Zachary, dairesinin dışında kimseyi beklemediği için şaşkınlıkla ayağa fırladı. Hemen arkasını döndü ve ajanı Emily Anderson'ın kapısında beklediğini gördü. Derin mavi gözleri onu eğlenerek izliyordu.
“Hadi, aldırma bana,” dedi Emily, dalgalı koyu kahverengi saçlarını geriye doğru itmek için elini saçlarının arasından geçirdi. “Bir iç çamaşırı şirketinden onay alman için çabalamalı mıyım? Böyle pozlar vererek büyük işler başarabilirsin.” Ciddi bir tonla ekledi.

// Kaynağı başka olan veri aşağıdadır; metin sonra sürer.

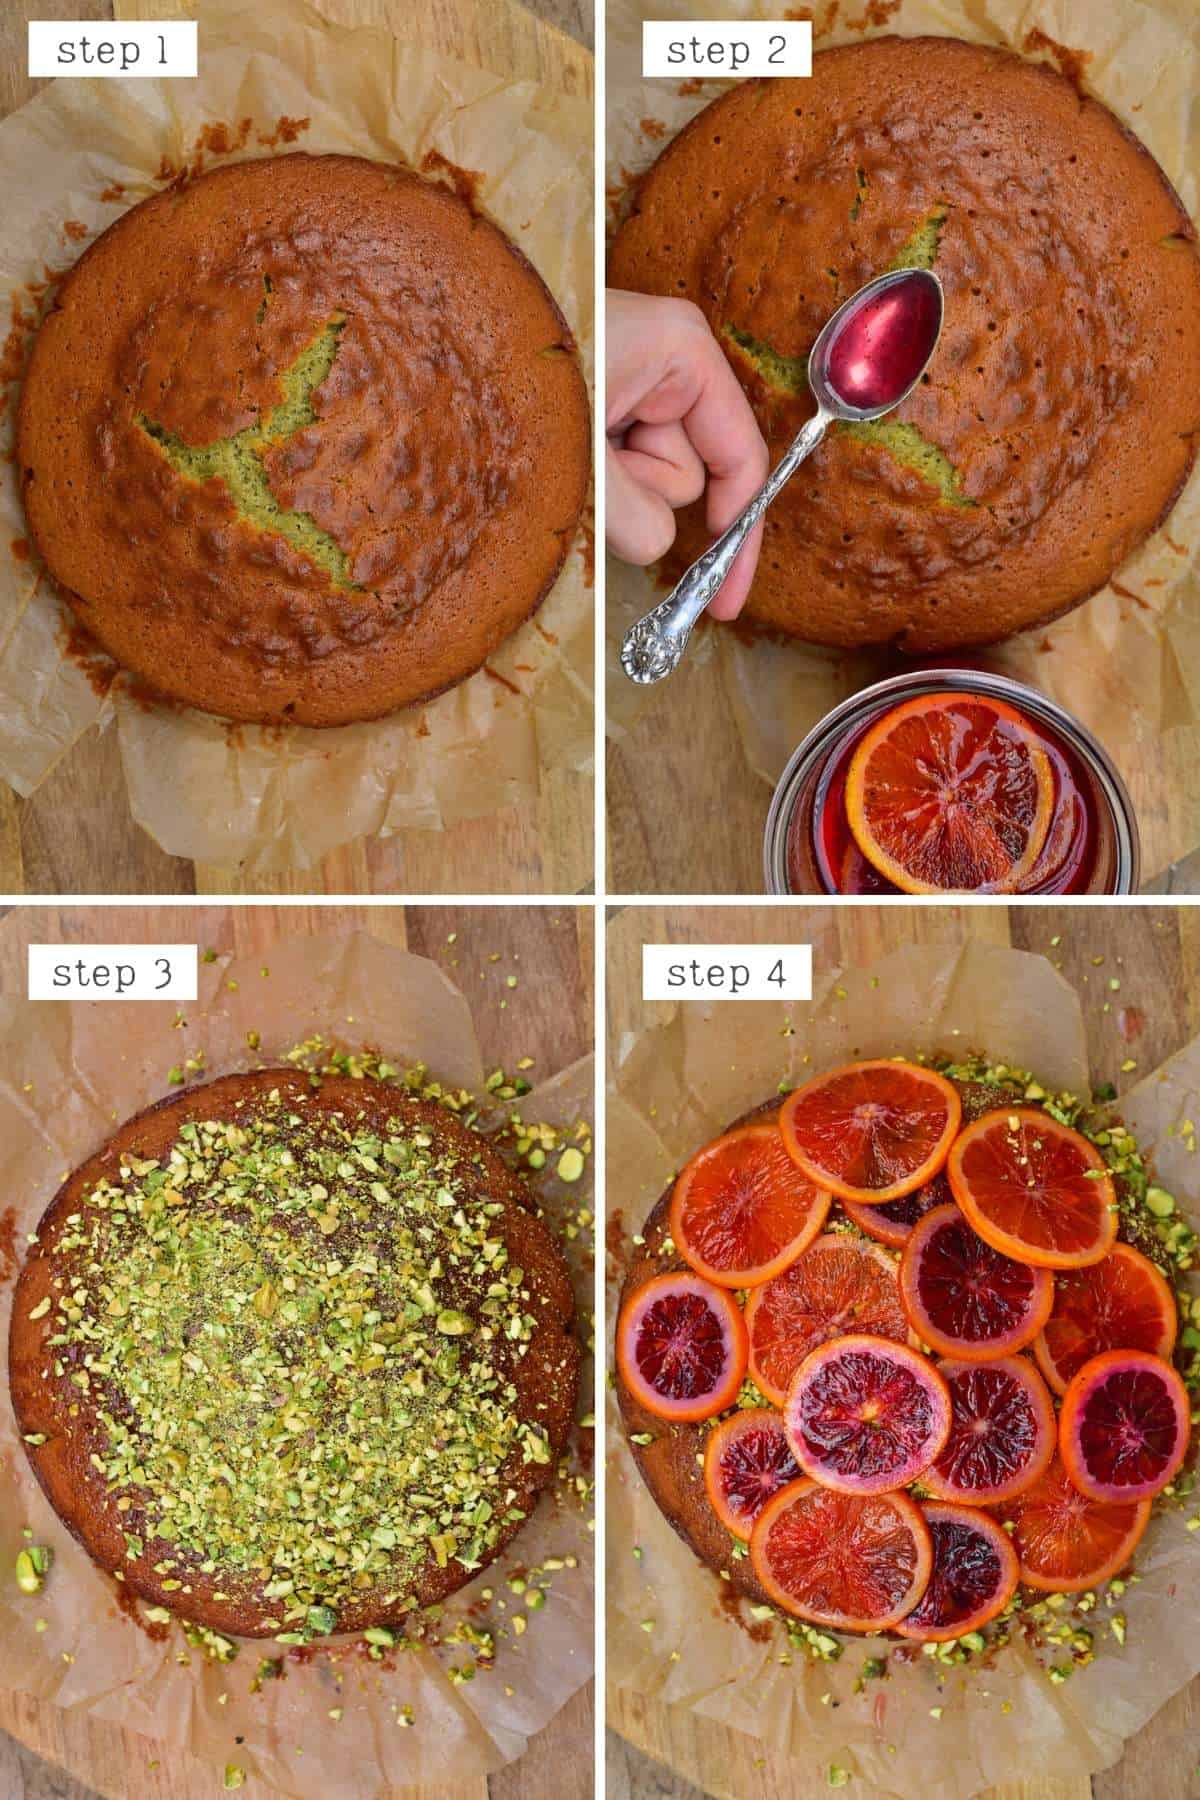 Steps for decorating orange cake

“Geri döndün,” dedi Zachary, onun destek konuşmalarını görmezden gelmeyi seçerek. Kısmen çıplak olması gereken şirketler için modellik yapmayı asla seçmezdi. Büyükannesi böyle bir resme rastlarsa ne olurdu? Onun gazabına uğramaktansa iflas etmek daha iyiydi.
“Evet, geri döndüm,” diye cevapladı Emily, yüzü bir bahar çiçekleri tarlası gibi çiçek açmıştı. “ve, sonunda kulüple olan sözleşmenle ilgili iyi bir haberim var.”
“Gerçekten,” Zachary kendisiyle ajan arasındaki mesafeyi tek bir anda kapattı. “Yönetimden ne kadar iyi bir anlaşma yapmayı başardın?” diye sordu, göz göze gelerek.
Ağzının köşeleri yumuşak bir gülümsemeye doğru kıvrıldı. “En iyisi olduğunu söyleyemem. Ancak, yeni anlaşma o cimri avukatın yaptığı önceki tüm tekliflerden çok daha iyi. Bin kat daha iyi olduğunu söyleyebilirim.” diye vurguladı.
Zachary sevincini zorlukla saklayabiliyordu. İki aydır sözleşme konusunda endişeleniyordu. Sabırlı kalmak için elinden geleni yapmasına rağmen, ara sıra huzursuz hissediyor, müzakerelerde ters gidebilecek her şeyi merak ediyordu. Ama sonunda bir ilerleme oldu. İçinde umut yeşerdi. Sözleşmenin yeni şartlarını duymak için sabırsızlanıyordu.
“İçeride konuşalım,” dedi, yüzünde Cheshire kedilerinin gülümsemesi belirdi.